Photo Credit: Phrake Photography
We’re into the There R Giants Top 50. Over the winter months, I’ll write a post on each of the fifty players in my rankings, leading us back to the much-needed spring. Our list of previously covered players is getting a little long, so from here on out I’m moving the links for the full list down the bottom of the post.
My sense is that today’s the day we cross the Rubicon. We’ve been inching towards it, certainly, for awhile now, but here it is at last. From this point on, we’ll be talking about how players might travel the road to a certain pinnacle of development success: “major league starting player.” Oh, we’ve dipped our toes in the river before now. If the rumored conversion of Randy Rodriguez to starting pitcher has legs, perhaps we were up to our shins, checking out the current, on Monday. Obviously, we’ve passed by players who formerly profiled as big league starters before rough years might have dimmed the ceiling a bit. And youngsters like Adrian Sugastey certainly have time to develop into real starter candidates — not to mention guys like Mauricio Pierre & Co. down in the Dominican, barely old enough to put their skater punk days behind them.

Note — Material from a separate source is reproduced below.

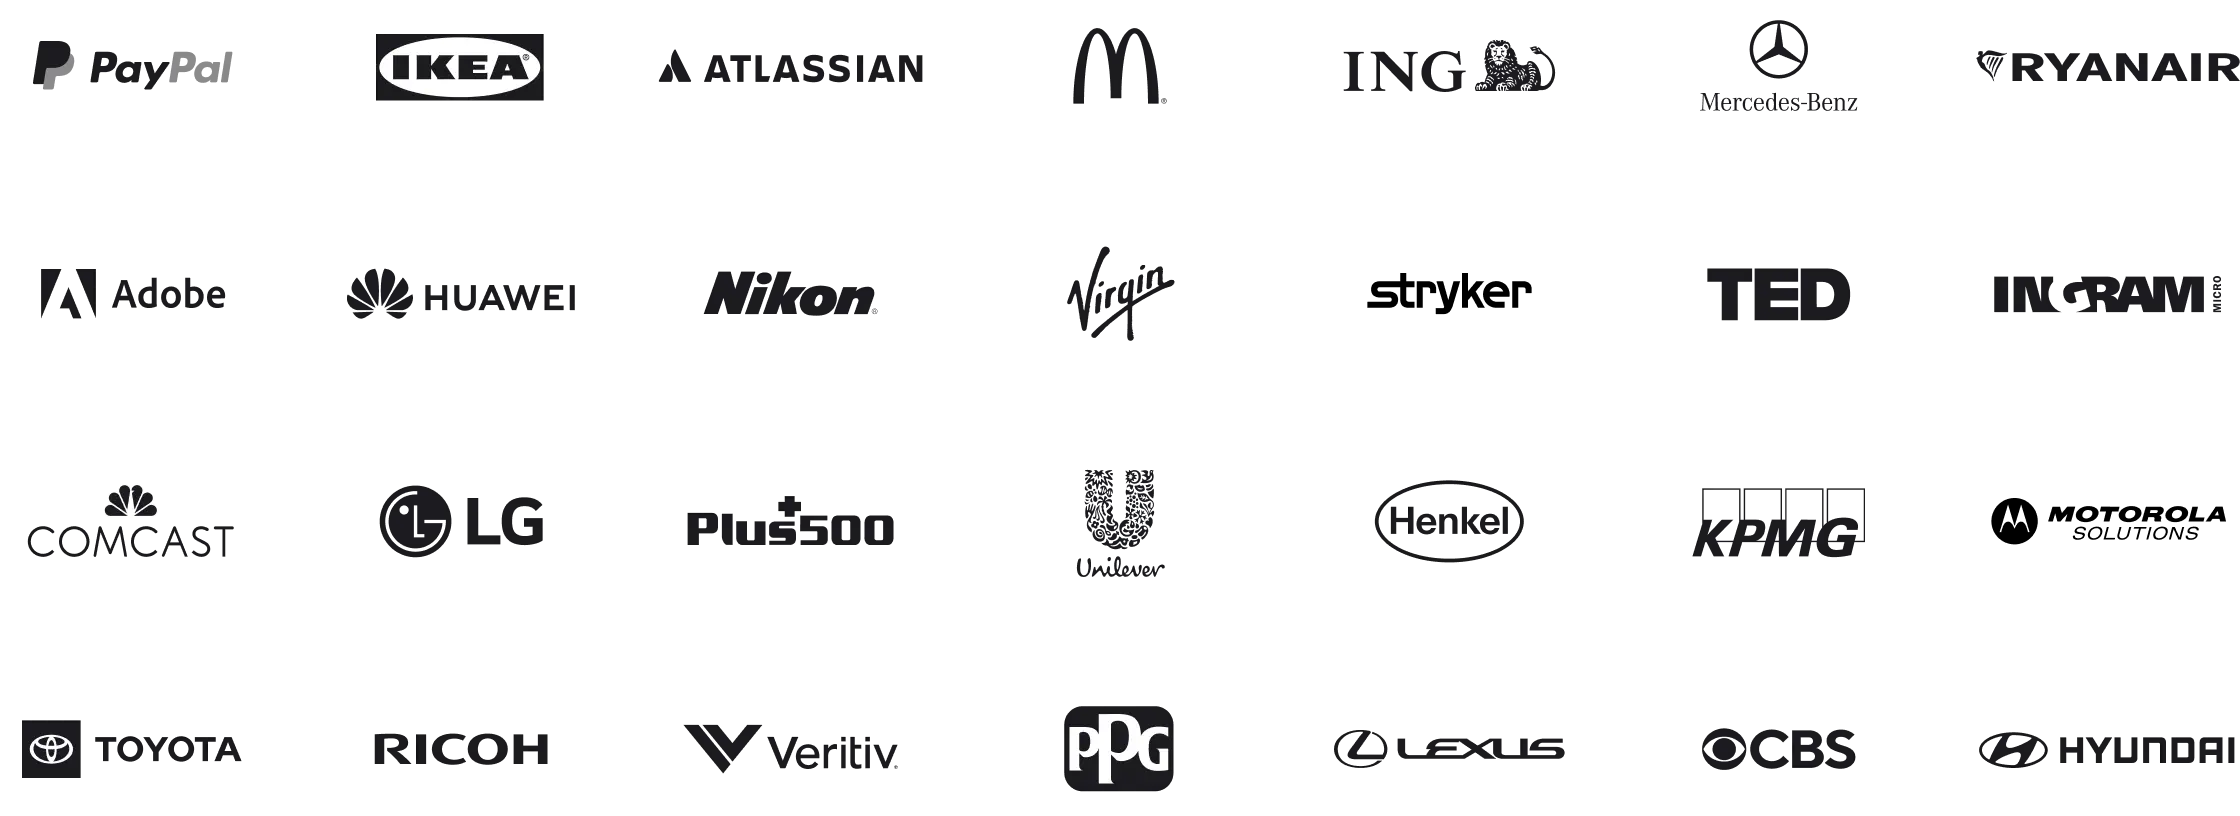 PayPal, Ikea, Atlassian, Mc. Donald's, ING, Mercedes-Benz, Ryanair, Adobe, Huawei, Nikon, Virgin, Stryker, Ingram, TED, Comcast, LG, Plus500, Unilever, Henkel, KPMG, Motorola Solutions, Toyota, Ricoh, Vertiv, PPG, Lexus, CBS, Hyundai
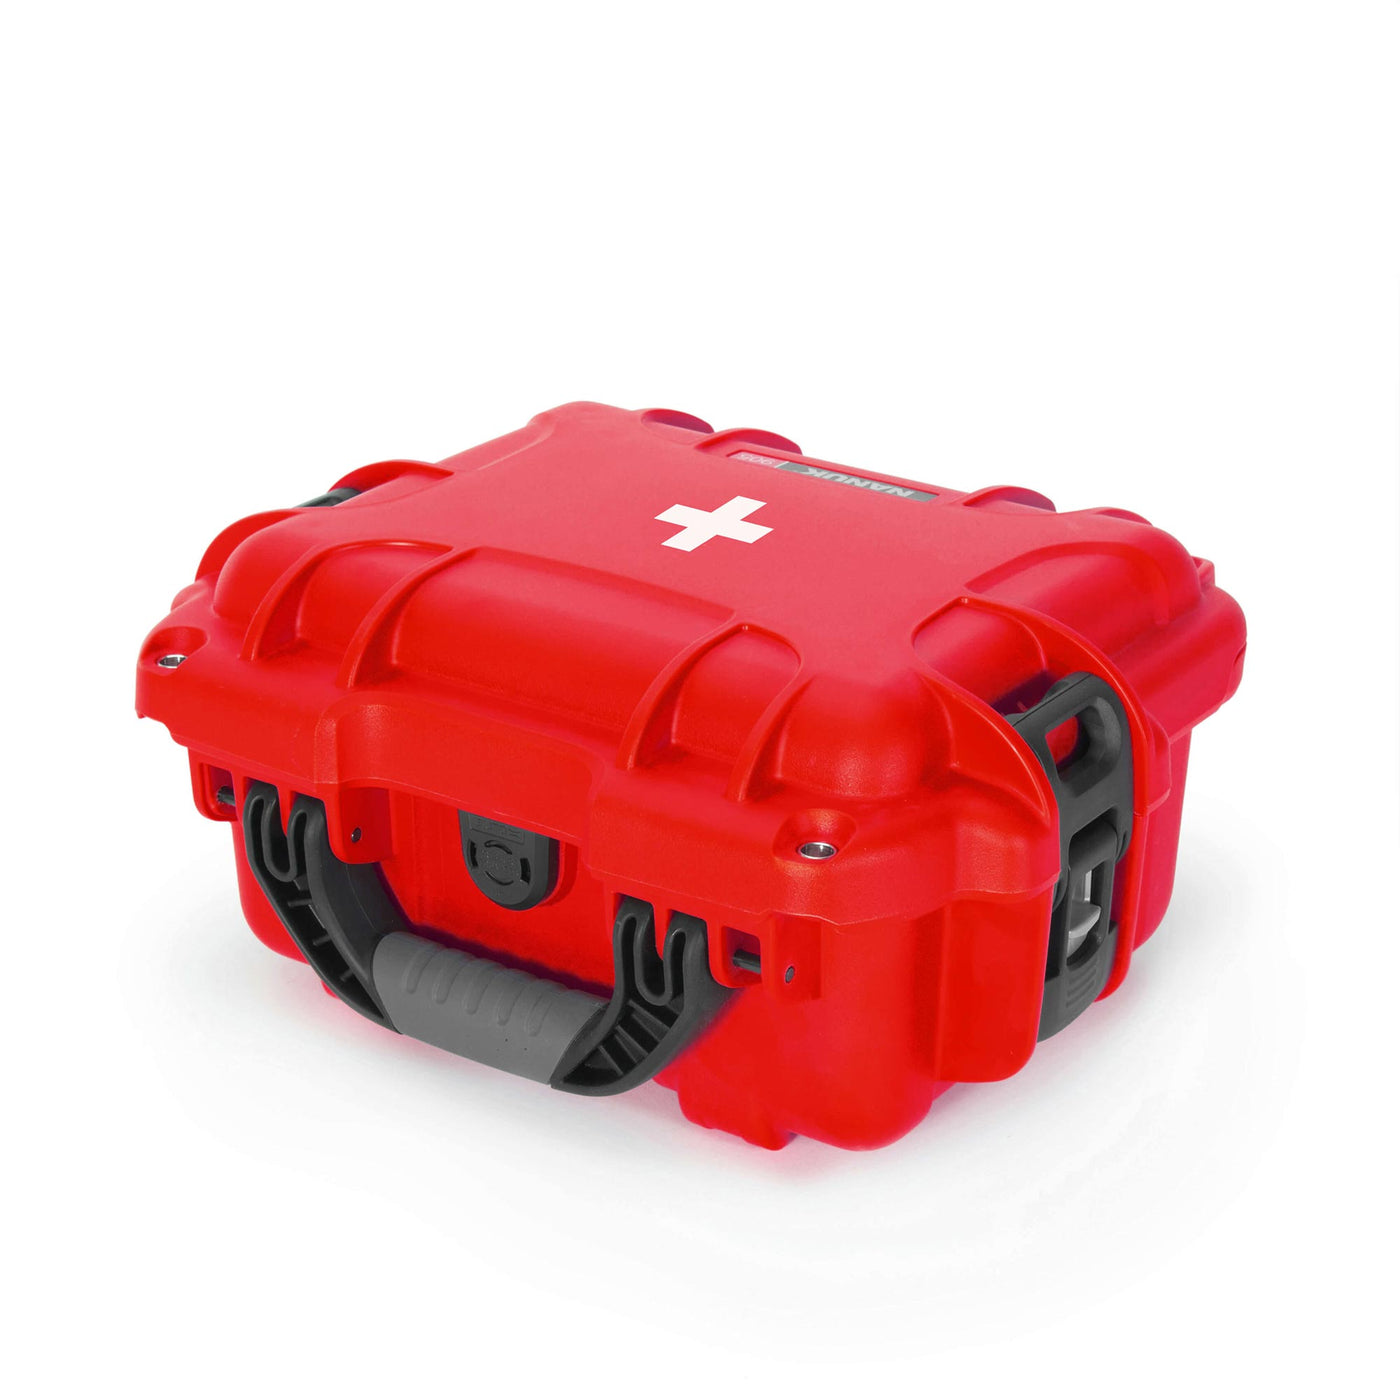 NANUK 905 First Aid case-Outdoor Case-Red-NANUK

Still, taken as a whole, in my head, the list up to now has been about players who can provide some kind of major league value, likely in complementary or depth roles — future utility players, platoon mates, swing men and relievers. Of course, we always remember that a player has the power to change his stars, but up till now, my write-ups have focused on contributor attributes. From here on out, to my mind, every player we talk about will be someone who has a viable — not to say “likely,” certainly not! keep in mind, this game is hard — but a “viable” path to being a starting player at the highest level.
Of course, some of those “viable paths” are still mostly untraveled, with a long journey still to come. Some players are so few steps down the yellow brick road that they’re still within the city limits of Munchkinland, no sight yet of the cornfields where the Scarecrow hangs, and they’re many days away from any deep, dark woods or fields of poppies (if you don’t mind a little mixed metaphor where apparently now I have Julius Caesar approaching the Wizard of Oz and asking for a throne).
The longest untrod path undoubtedly belongs Manuel Mercedes, who represents the greatest distance in the organization between who he currently is and who he might become. If he is able to climb even a small portion of that distance, he can become a useful player — even now he’d probably make an interesting part of a trade package. If he can cover a substantial portion of the distance in front of him, there’s a decent chance that he’s a future #1 prospect in this system — and a chance that he’s a whole lot more than that someday on a big league field.